With Over 1,200 Attendees, Odia Convention in Suburban Chicago was a Blast

  • The OSA convention is vital to Odias' cultural and emotional integration. Let us continue the celebration.

I just returned from attending the 54th Odisha Society of the Americas (OSA) convention in Lombard, a suburb of Chicago, July 6- 10, 2023. Last year, it was in the capital city of Sacramento, the golden state of California. Since 1969, the OSA convention has been taking place on July 4 weekend, moving from one city to another in North America. This year, the convention took place the weekend following July 4th with about 1,200 attendees. For three days, the Westin Hotel, Lombard, was full of colors, music, dance, and non-stop fun.

OSA was established in 1969 by a few stalwart Odias to recreate their homeland, celebrate feasts and festivals and pass down the culture and heritage to the next generation. These visionaries were nostalgic for their home left behind and the familiar food, e.g., pakhalaMachha bhaja (fish fry)Saag (spinach), and dalma. They missed speaking Odia and the familiar Odia songs, music, and dance and were worried their children would be deprived of these cultural values. Today, the organization is about 2,000 families strong.

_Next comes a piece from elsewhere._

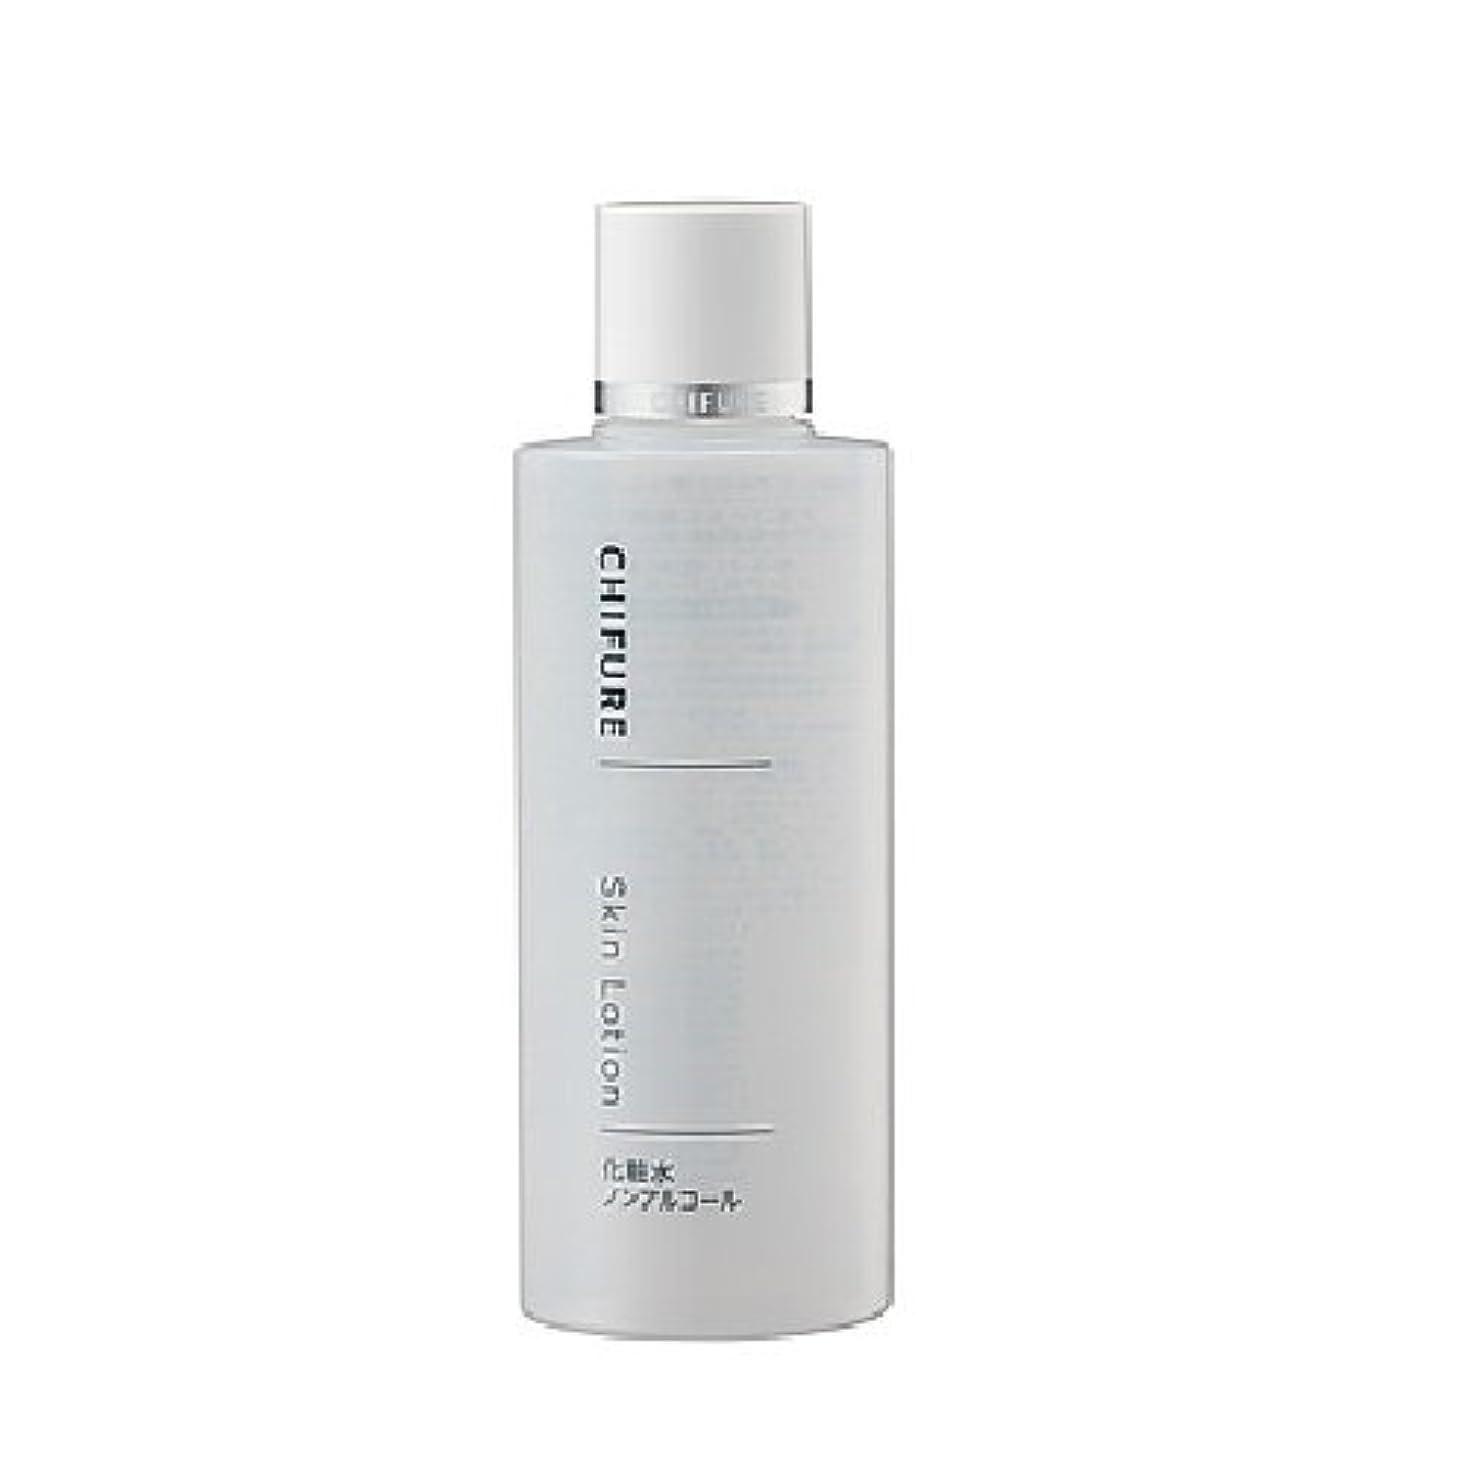 オーディション縁連帯ちふれ化粧品 化粧水 ノンアルコールタイプ 180ML

Organizers of the OSA convention have been working for almost a year to feed and entertain the attendees. The local chapter served five meals daily: breakfast, lunch, evening snacks, dinner, and late-night tiffin. The food was sumptuous, and there was a cozy feel even with so many people. The cultural programs showcasing Odisha, seminars, and various contests for the young mind were crowd-pullers. 

Manaranjan Pattanayak and his wife, Minati, OSA attendees since 1970, told me they come to OSA to see friends. Otherwise, “Why would an 86-year-old come to this meeting”? The first question they discuss among friends is how the children are doing then their children. Pattanayak is happy that OSA has come a long way since its inception. It is much bigger and more grand. The heartening thing is that the children ask their parents, are we going to OSA next year? OSA has established a continuity of Odia culture in the ever-changing diaspora. Old-timers Dr. Uma Mishra and his wife Shanti Mishra took pride in saying they rarely miss a convention. Another old-timer told me that attending the convention is like returning to her natal home. After three days, it is hard to go back to the routine. 

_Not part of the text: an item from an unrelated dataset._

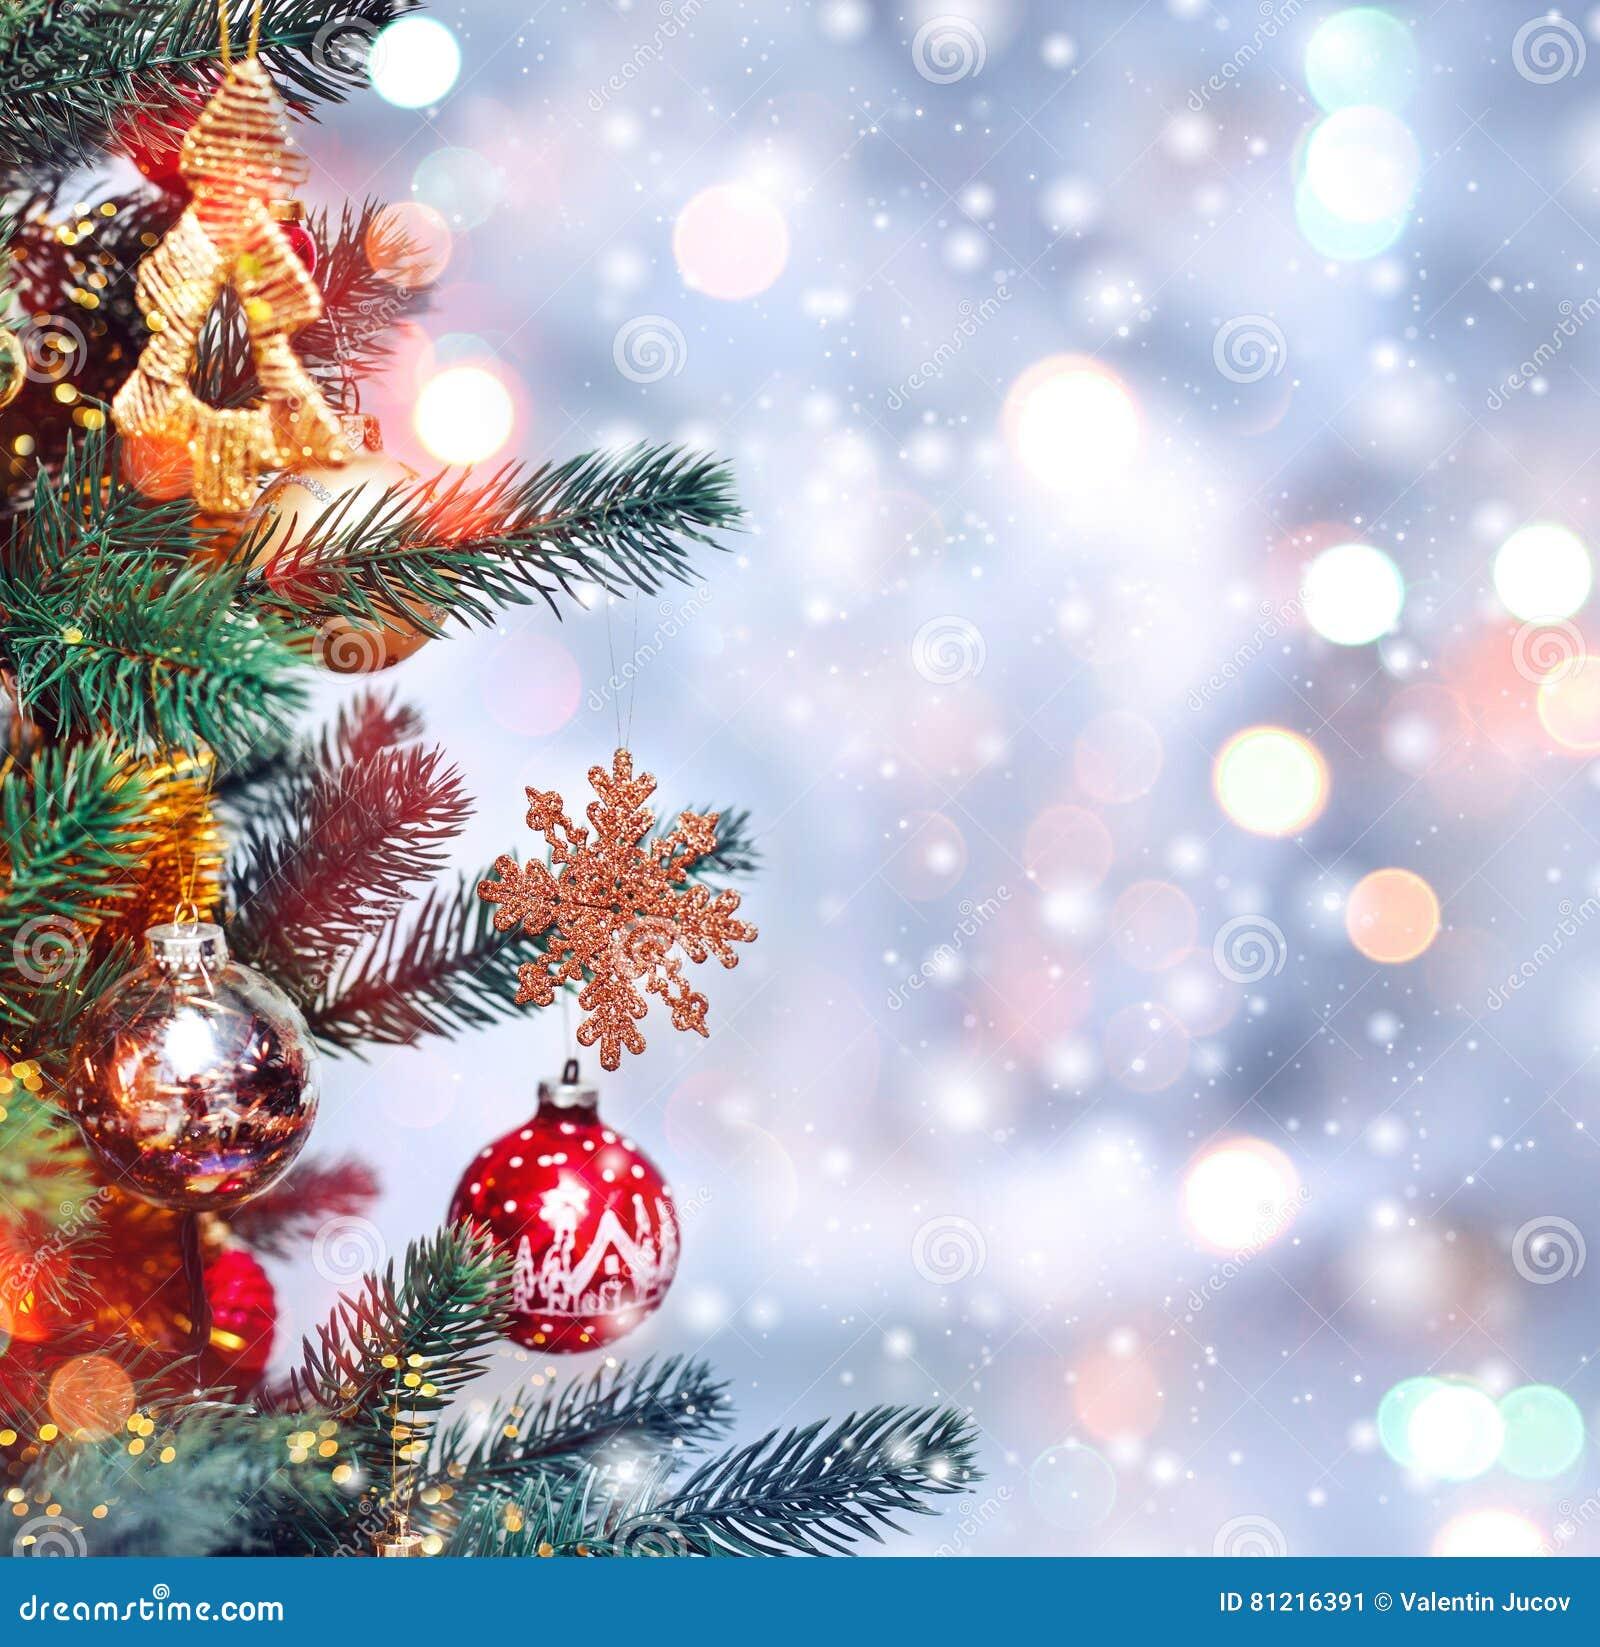 Immagini Di Natale Con La Neve.Fondo Dell Albero Di Natale E Decorazioni Di Natale Con Neve

One of the exciting features of the convention was activities by the next-generation Odias. Seminars on health care, the Budding Scientist Contest, How to Write One Song, Mental Health, Modern Odia Family in the Diaspora, Higher Education in Odisha and the Diaspora, and Odisha’s Economic development, among many others, were very informative and educational. A meaningful forum was the connection between the grandparents and grandchildren.

 The informal activities are always fun. We had started antakshari, an impromptu singing game, in 2014 at the OSA convention in Columbus, Ohio. Around midnight after the cultural programs and Mehfil, some of us got together in the hotel lobby to play antakshari with the old and new songs (Bollywood, Odia, folk songs). We sang every night till about 4 am, totally losing the sense of time.

We made lifelong friends at the convention, even though many of them we hardly knew initially.  

I talked with many children. After they arrive at the convention, they forget their parents, hang out with people of their age group, make instant friends, and stay in touch. Some mothers told me that their daughters, in their 20s, have made friends and plan to meet at the next convention in Nashville in 2024.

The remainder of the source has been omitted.